Exercise: Going through the material below, output exactly the lines from the one containing "四川禧悦食品有限公司职业病危害现状评价报告书.jpg" through the one containing "Canyon de Chelly'deki", and no pictures.

Excerpted records:

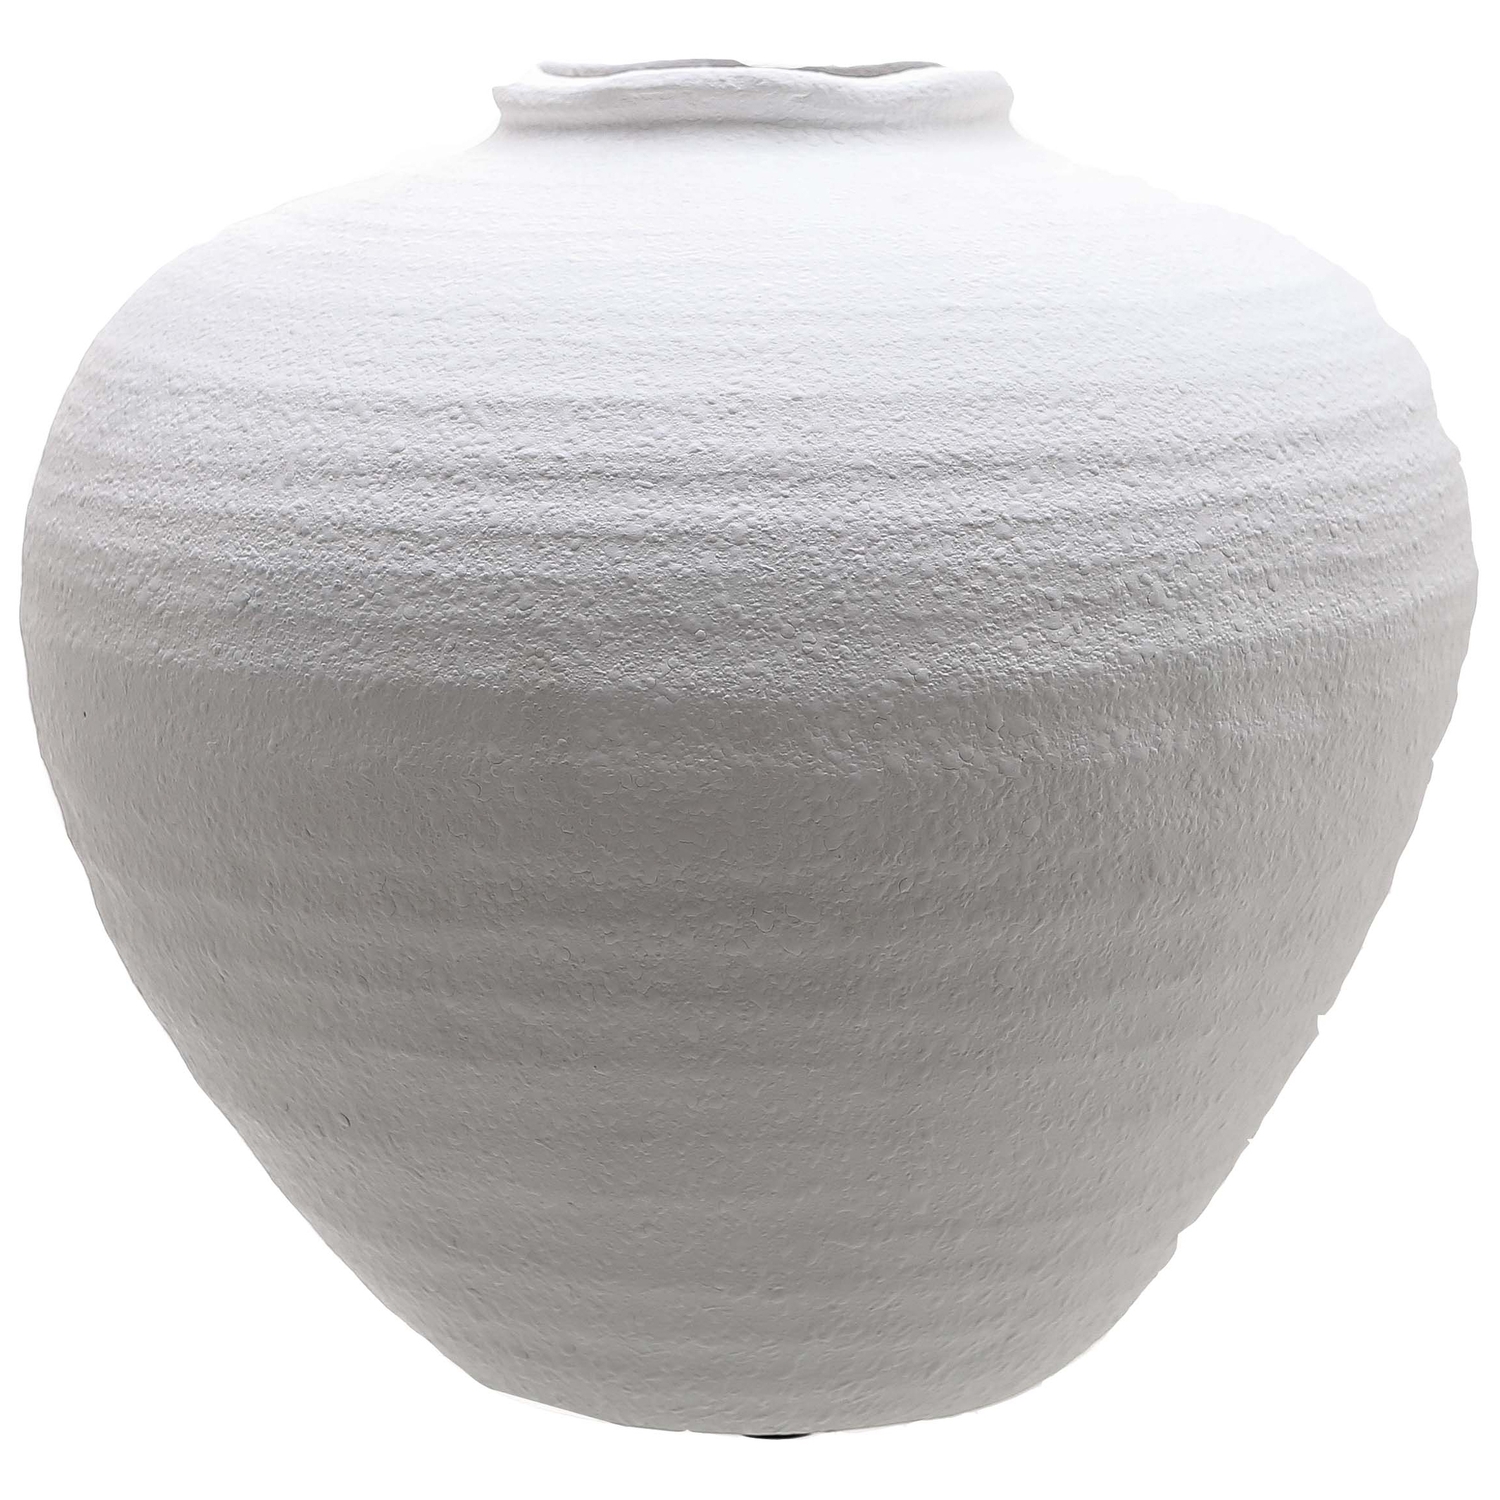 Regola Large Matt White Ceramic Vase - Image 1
--
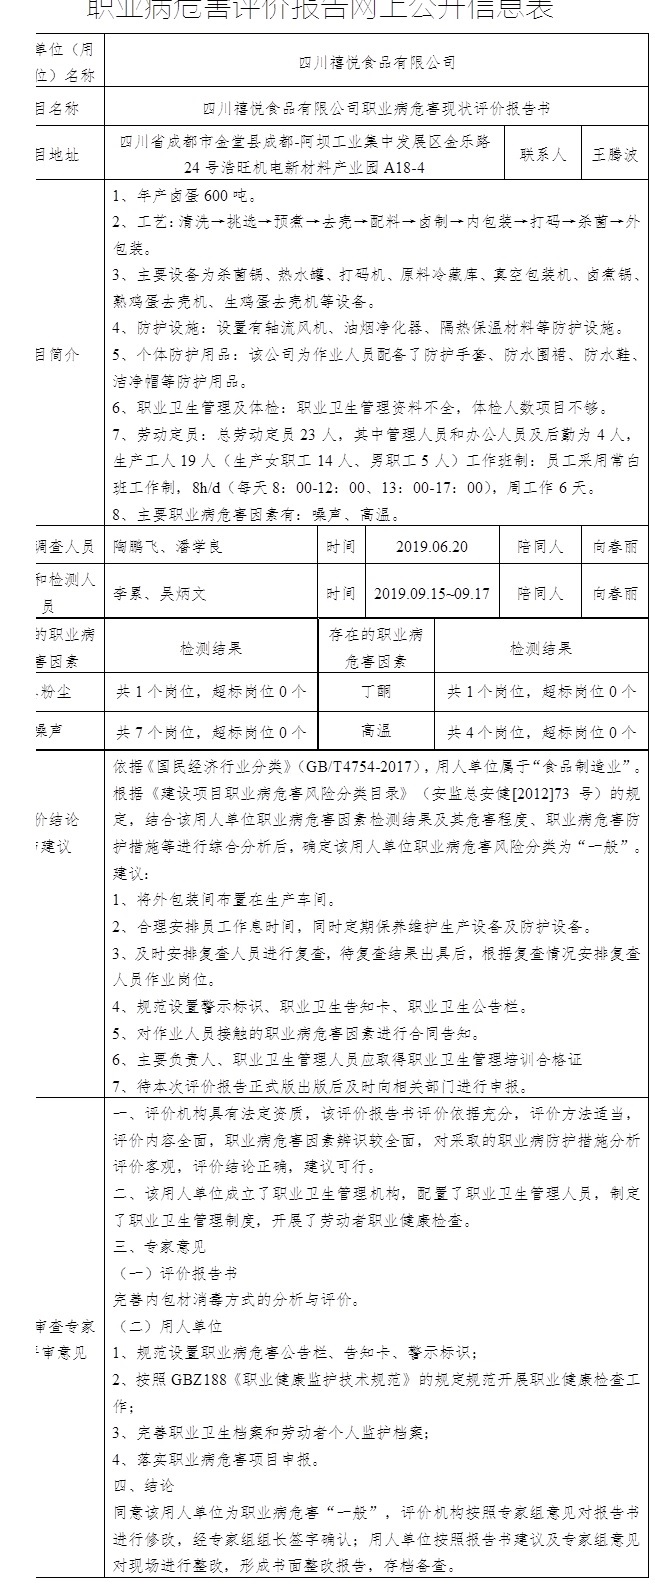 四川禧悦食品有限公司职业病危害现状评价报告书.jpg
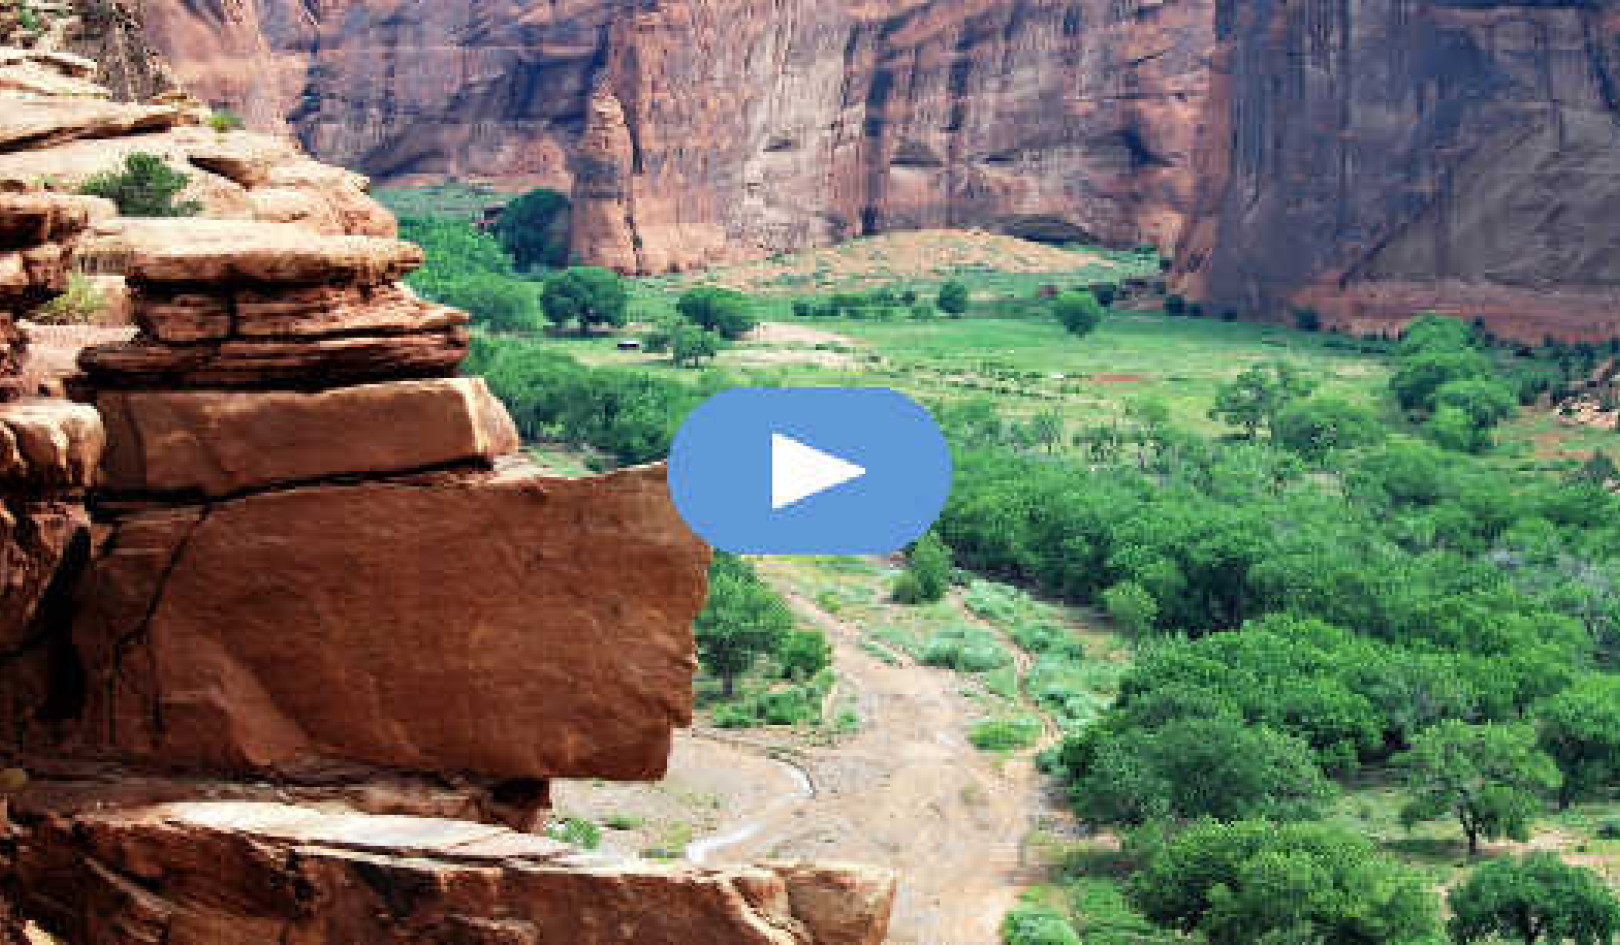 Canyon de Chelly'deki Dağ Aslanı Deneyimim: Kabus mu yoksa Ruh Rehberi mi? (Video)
* * *
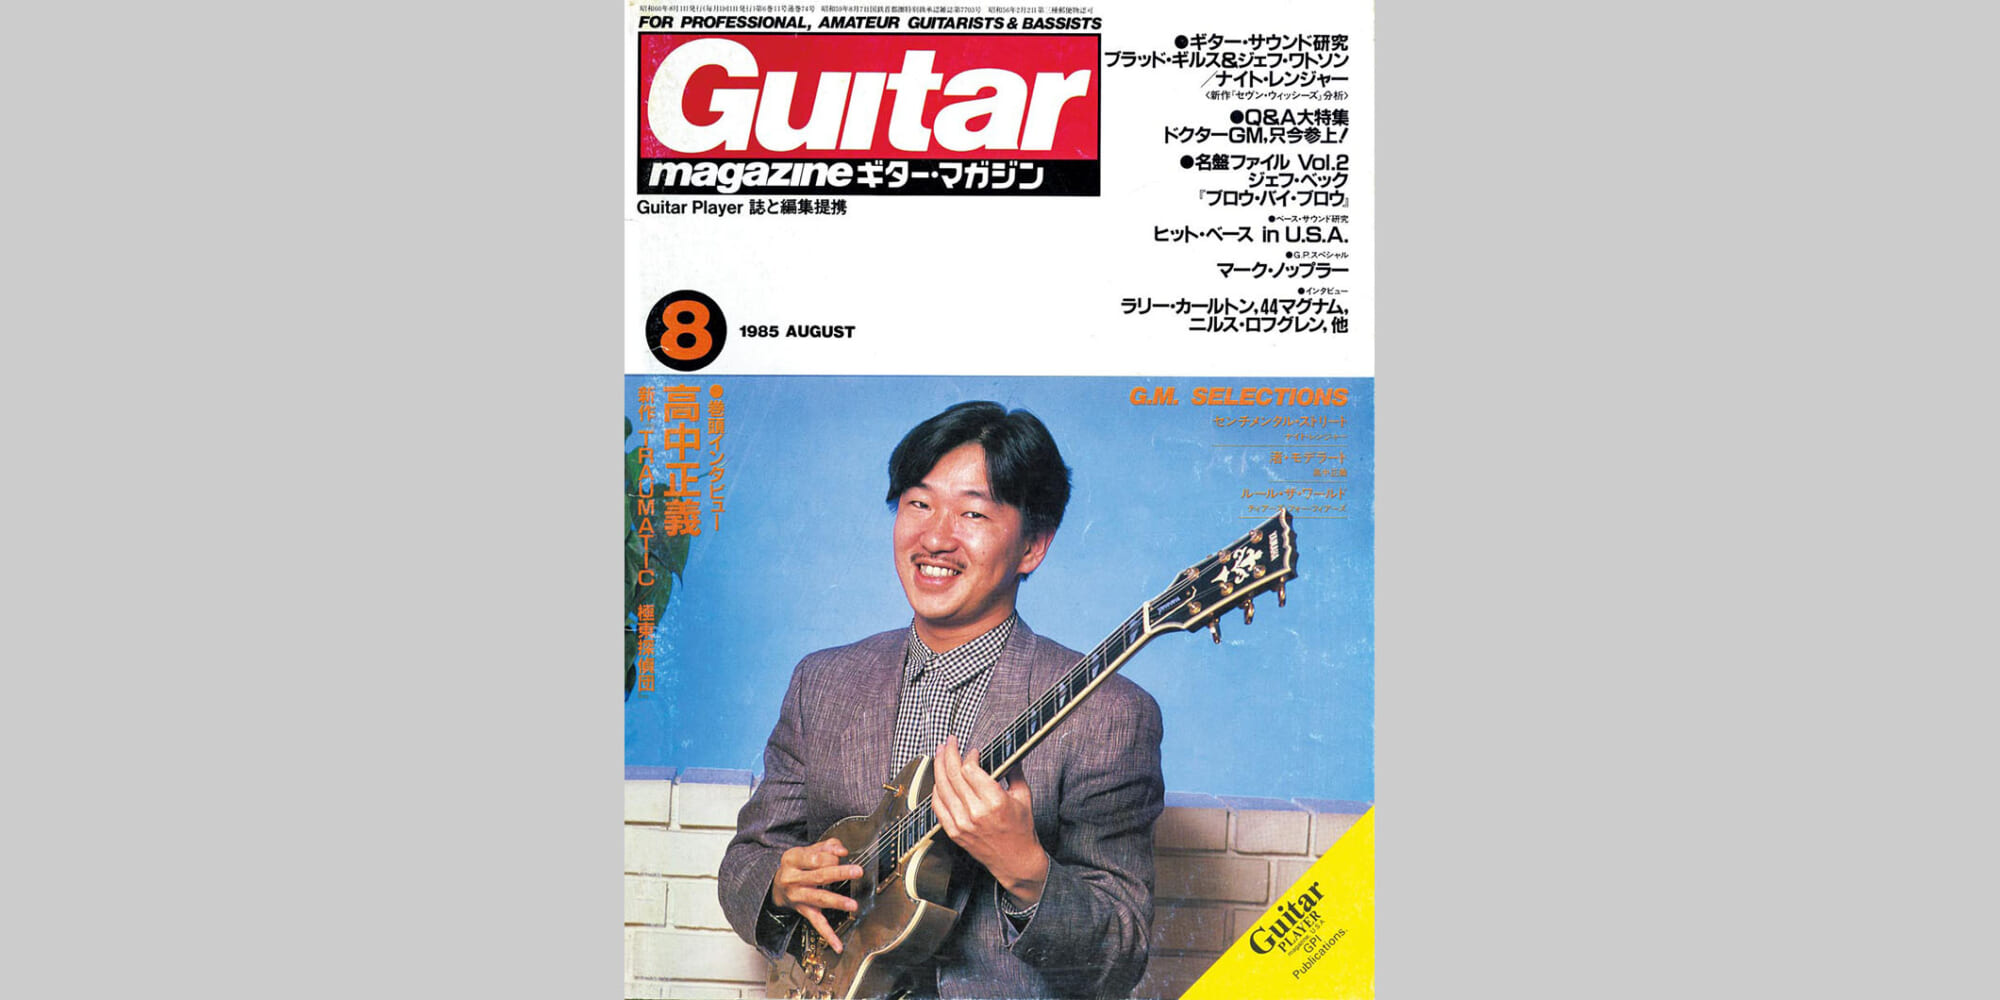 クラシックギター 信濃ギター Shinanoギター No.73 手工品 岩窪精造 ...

Result for this exercise:
 四川禧悦食品有限公司职业病危害现状评价报告书.jpg
 Canyon de Chelly'deki Dağ Aslanı Deneyimim: Kabus mu yoksa Ruh Rehberi mi? (Video)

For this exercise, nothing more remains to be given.